The answer is the exact run of lines in the listing below from the line containing "Nikita Gandhi Quote" up to and including the line containing "Nintendo's consoles received", with pictures removed.

- **Records for the exercise**
⁂
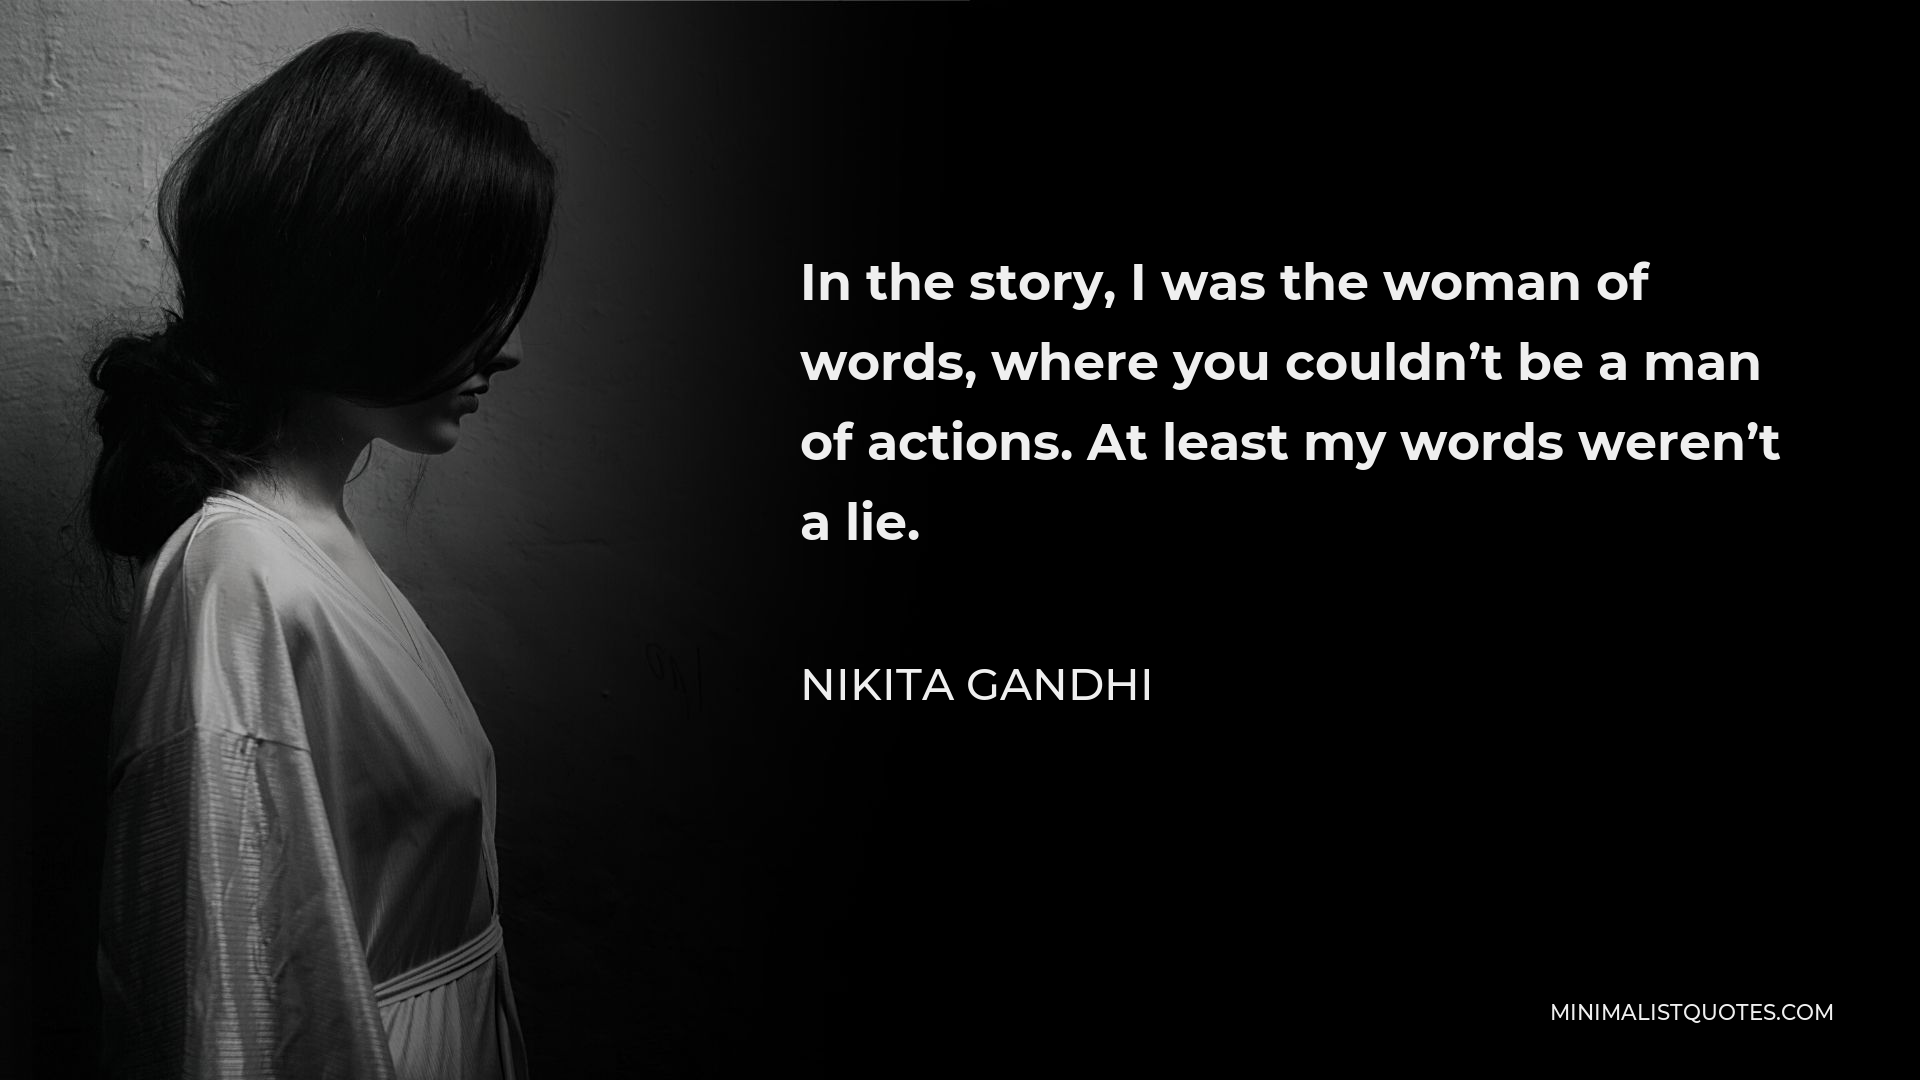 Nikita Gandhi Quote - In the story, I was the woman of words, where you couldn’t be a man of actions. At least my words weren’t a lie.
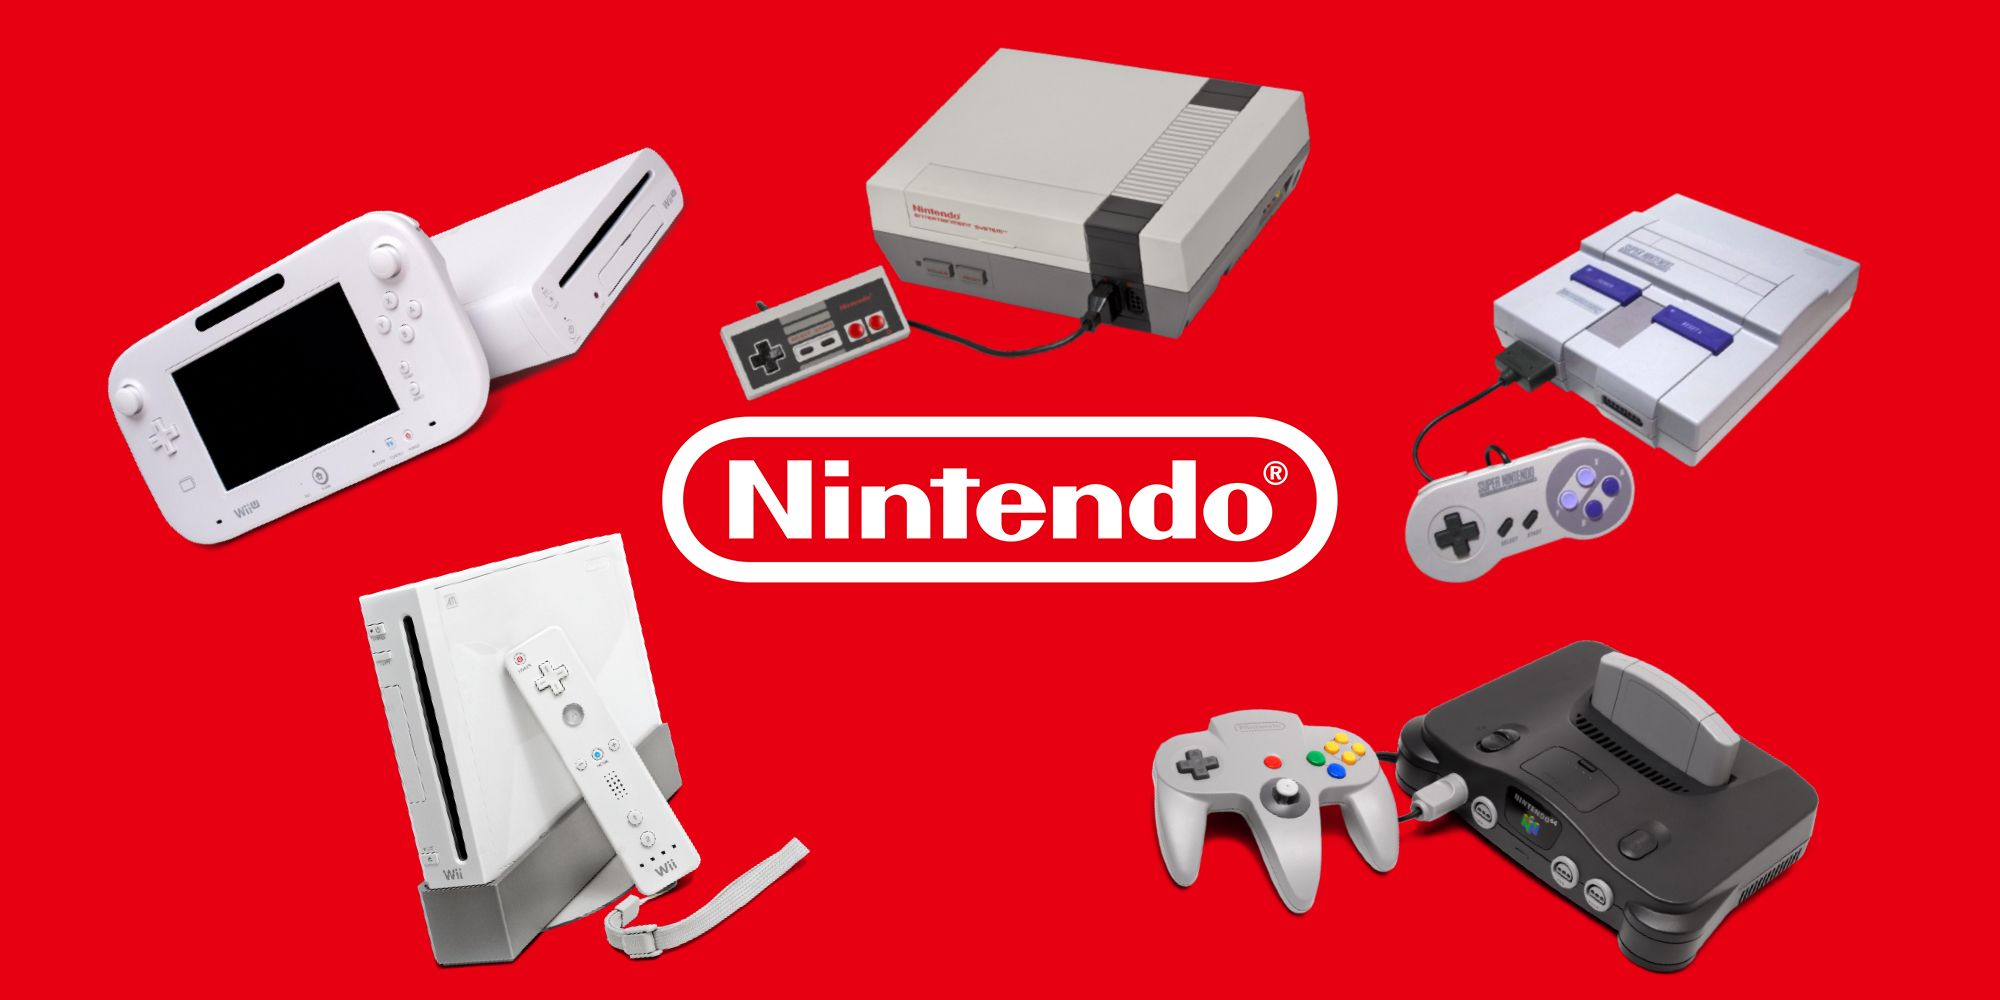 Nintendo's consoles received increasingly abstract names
⁂
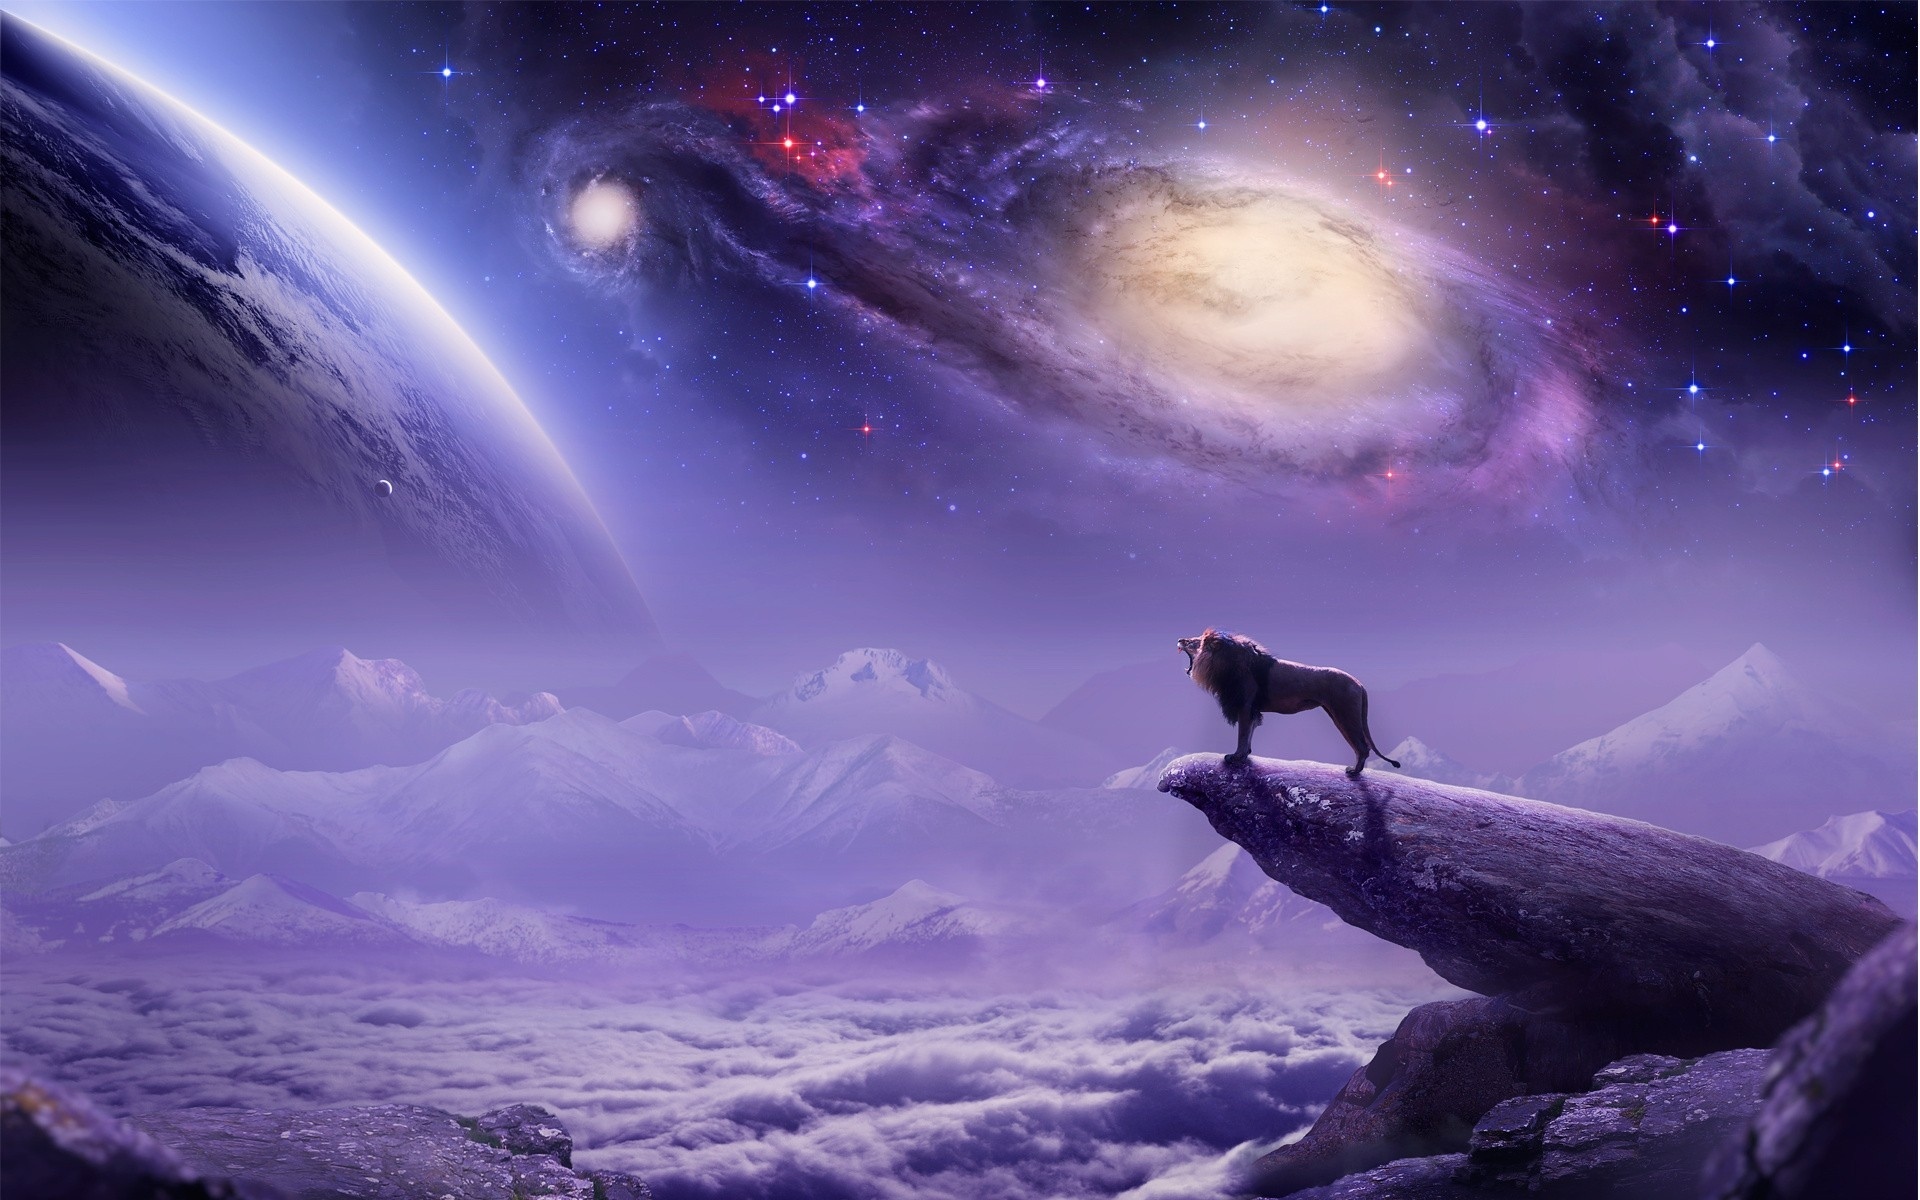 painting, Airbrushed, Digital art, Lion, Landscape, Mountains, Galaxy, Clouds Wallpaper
⁂
- **Task result**
 Nikita Gandhi Quote - In the story, I was the woman of words, where you couldn’t be a man of actions. At least my words weren’t a lie.
 Nintendo's consoles received increasingly abstract names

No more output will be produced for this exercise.